福島第1・汚染水漏れ貯水槽~「水入れる構造でない」
環境省の専門家証言
トラブルが相次ぐ東京電力福島第1原発。完成からわずか4カ月の地下貯水槽の三つで高濃度の汚染水漏れが見つかり、ずさんな放射性物質の管理が表面化しています。貯水槽に使われた水漏れ防止の技術に詳しい国の専門家は、「貯水は本来の技術の使い方ではない」と本紙に証言。事前に簡単な検証をすれば、漏出を防げた可能性を示しました。
(本田祐典)
「東電からの問い合わせはありませんでした。もし聞かれていれば、水を入れる構造ではありませんとお答えしたでしょう」
環境省の窪田哲也技術専門官(産業廃棄物課)は、東電が使った水漏れ防止の技術は貯水の安全性が確認されていないと指摘します。
高濃度汚染水が漏れた貯水槽は、厚さ1.5ミリの合成樹脂シート2枚を重ね、その下に厚さ6.4ミリの粘土質シートを敷いた簡単なつくりです。
高濃度の汚染水が漏れた福島第1原発の地下貯水槽(東京電力提供)
処分場用を転用
東電が参考にしたのは、環境省が所管する、産業廃棄物の「管理型処分場」といわれる施設です。処分場で汚水や雨水の流出を防ぐために使われるシートを貯水槽に転用しました。
窪田技術専門官はこの水漏れ防止の技術など処分場の構造を担当する国の専門家です。ところが、東電は技術をまねするにあたって環境省に意見を聞いていませんでした。
さらに、東電から処分場での水漏れ防止技術の実績を説明された当時の原子力安全・保安院はそれをうのみにし、環境省に実態を確認しませんでした。

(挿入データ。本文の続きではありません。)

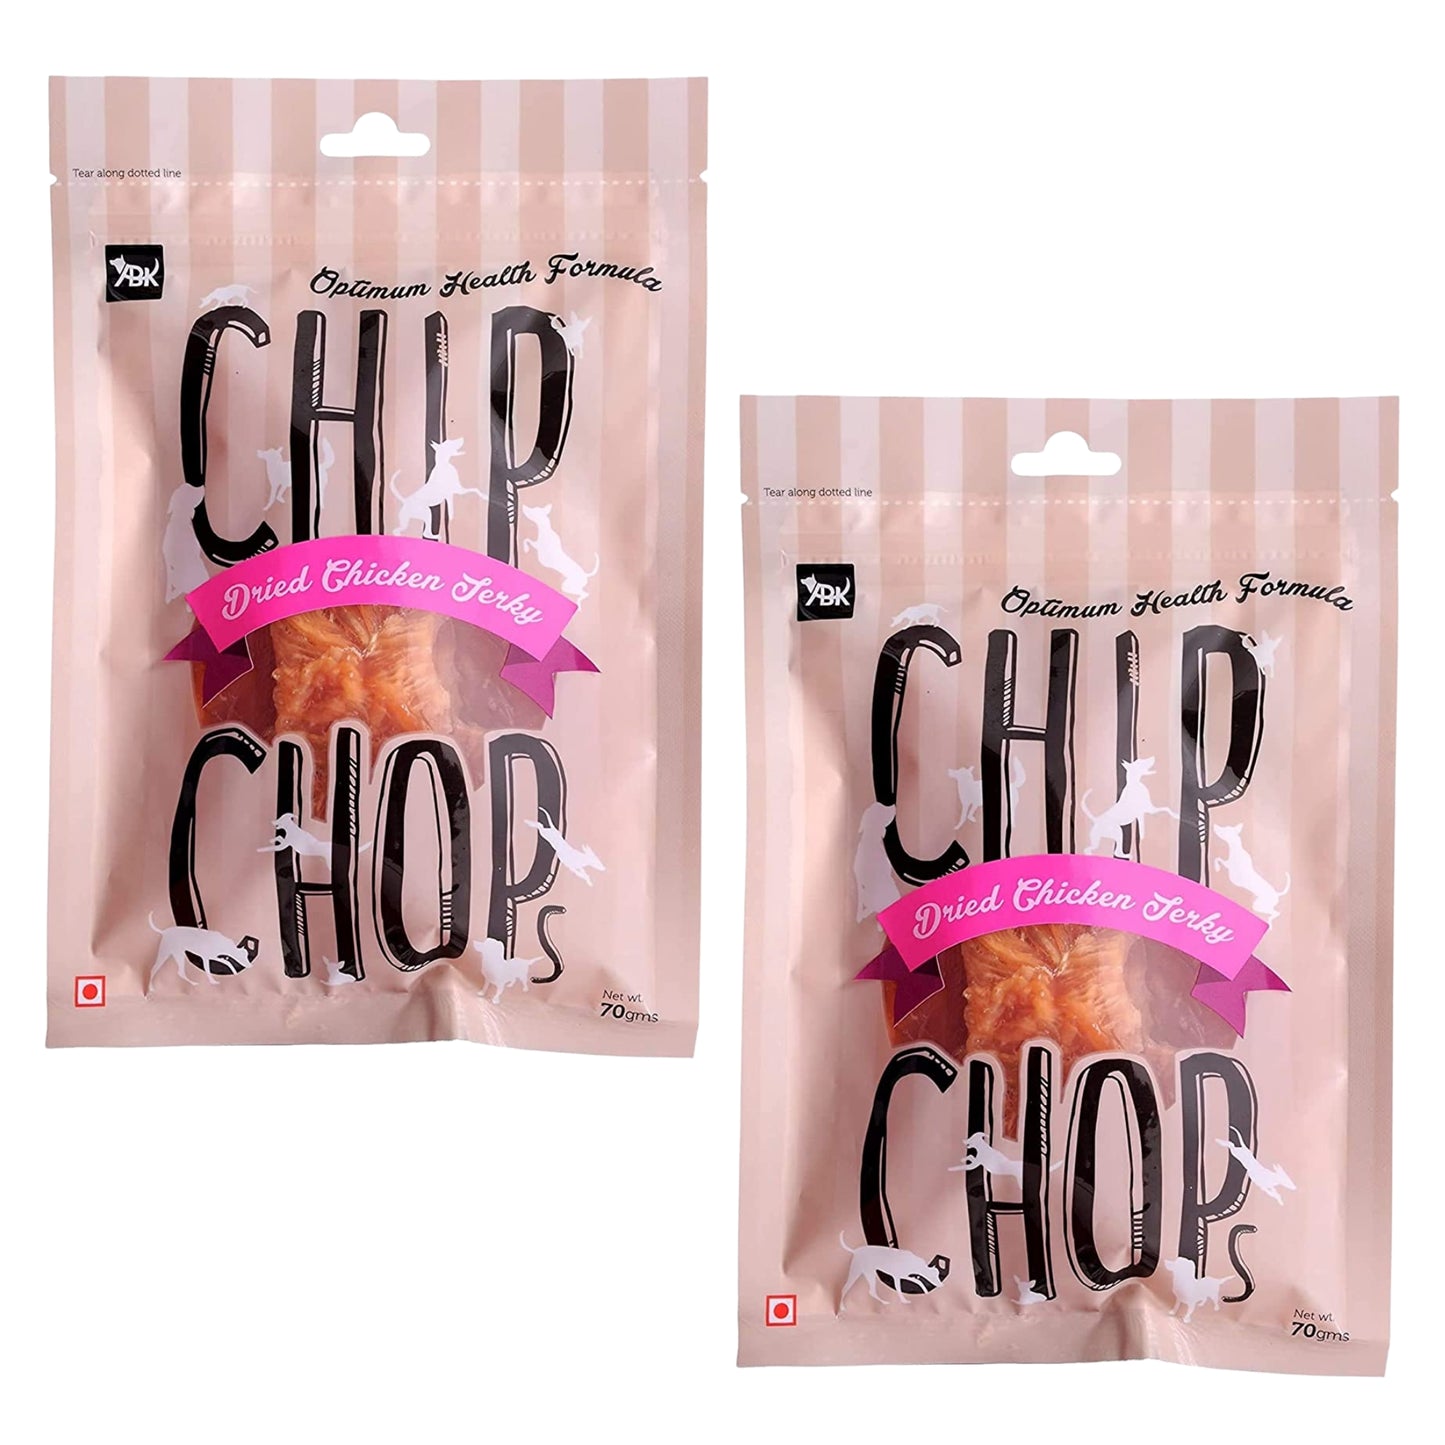 Chip Chops Dog Treats - Sun Dried Chicken Jerky (70gm, Pack of 2)

「丈夫とはいってもシートだから、破れないものではありません。破れた事故も何件か公表されていますから、インターネットなどでも把握できるでしょう」と、窪田技術専門官は示します。
全国各地で破損
実際、全国各地の処分場でシートの破損が起きています。東京都八王子市戸吹処分場(1985年7月)▽東京都日の出町谷戸沢広域処分場(92年3月)▽愛知県津島市新開処分場(96年5月)▽千葉県八千代市一般廃棄物処分場(2002年2月)▽宮崎県都城市高崎一般廃棄物処分場(08年6月)▽滋賀県甲賀市クリーンセンター滋賀(10年12月)―など。
このほか、各地の処分場では、「細かなシートの破損は公表されず、現場で補修が繰り返されているのが実態」(窪田技術専門官)。周辺住民から工法の改善を求める声も あがっています。

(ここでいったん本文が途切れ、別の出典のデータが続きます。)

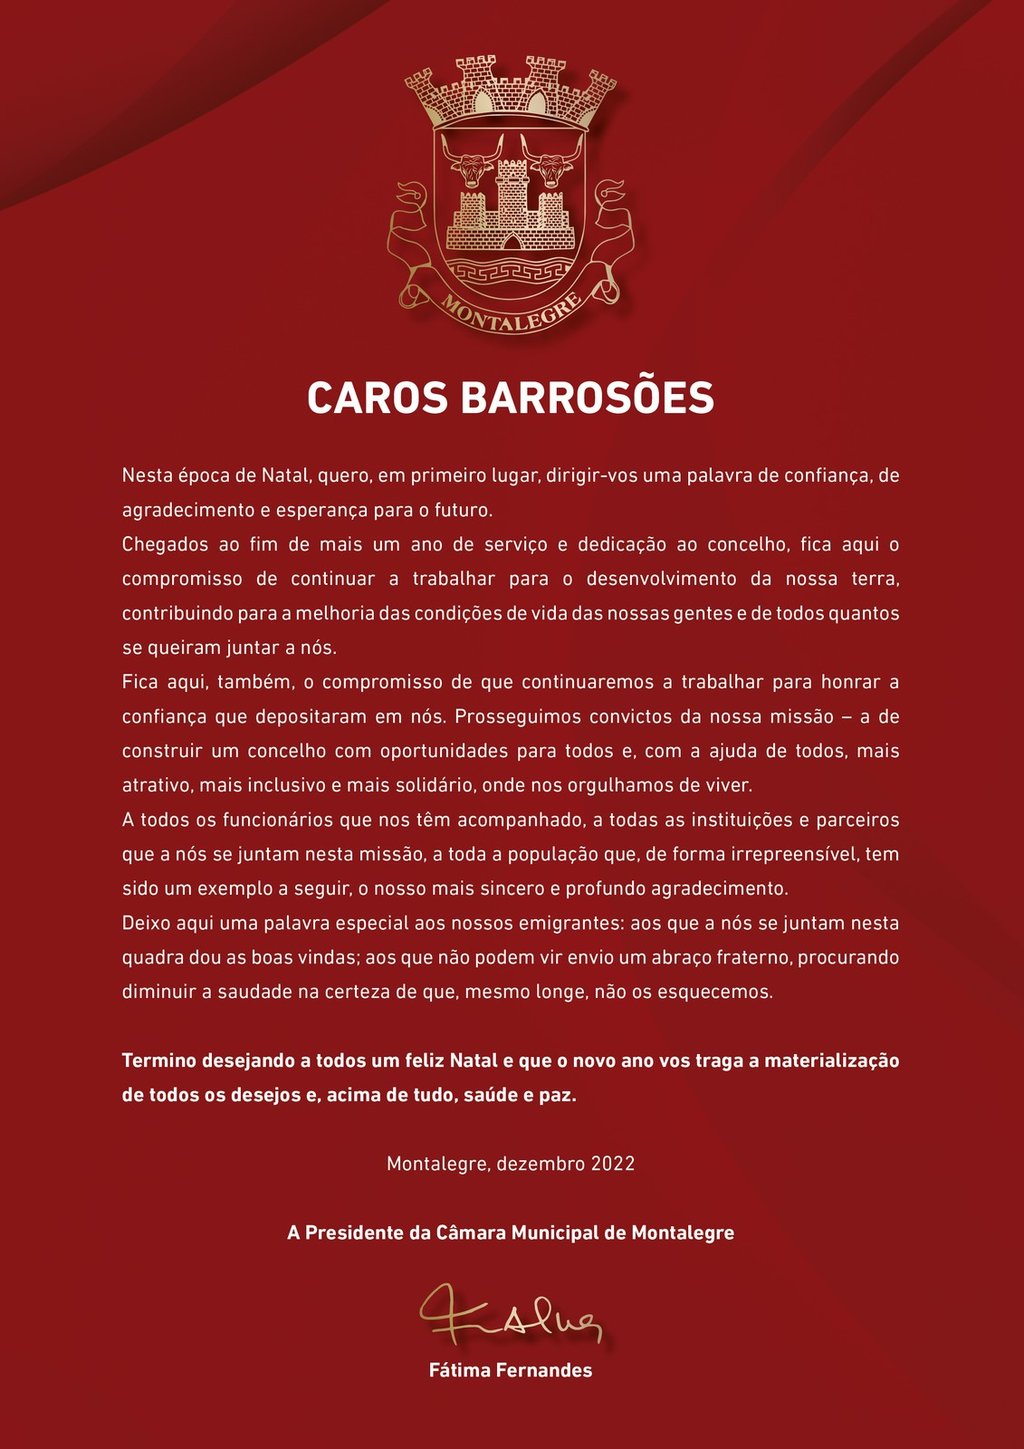 Fátima Fernandes (Presidente - Município de Montalegre) - Mensagem de Natal 2022

破損を引き起こす原因は、シートの劣化や地盤の変形、内容物の重み、接着・接合のミス、作業機械で引っかくなどです。問題の貯水槽で何が起きたのかは、いまだに分かっていません。
汚染水移送を延期
東京電力福島第1原発(福島県大熊町、双葉町)の地下貯水槽から放射性物質を含む汚染水が漏れている問題で、東電は14日、同日から実施するとしていた地上のタンクへの移送を延期すると発表しました。貯水槽に入っている汚染水に含まれる放射性物質の濃度は1立方センチ当たり約29万ベクレルで、移送が遅れれば遅れるほど、放射性物質が周辺の土壌に漏れ出すことになります。
延期されることになったのは、最初に汚染水が漏れていることがわかった2号貯水槽からH2エリアのタンクへの移送。2号貯水槽の汚染水は1号貯水槽へ移送していましたが、その後3号貯水槽でも漏れが見つかり、さらに1号貯水槽からも漏れていることがわかったため、東電は全量を地上のタンクに移すとしていました。
14日は地上タンクへの最初の移送が行われる予定でしたが、11日に3号貯水槽の移送用ポンプが故障したことから、安全性の確認が必要になったためとしています。
IAEAが調査を開始
東京電力福島第1原発で停電による使用済み燃料プールの冷却停止や汚染水漏れなどのトラブルが相次ぐ中、廃炉に向けた取り組みを調べる国際原子力機関(IAEA)調査団が15日までに来日し、同日、調査を開始しました。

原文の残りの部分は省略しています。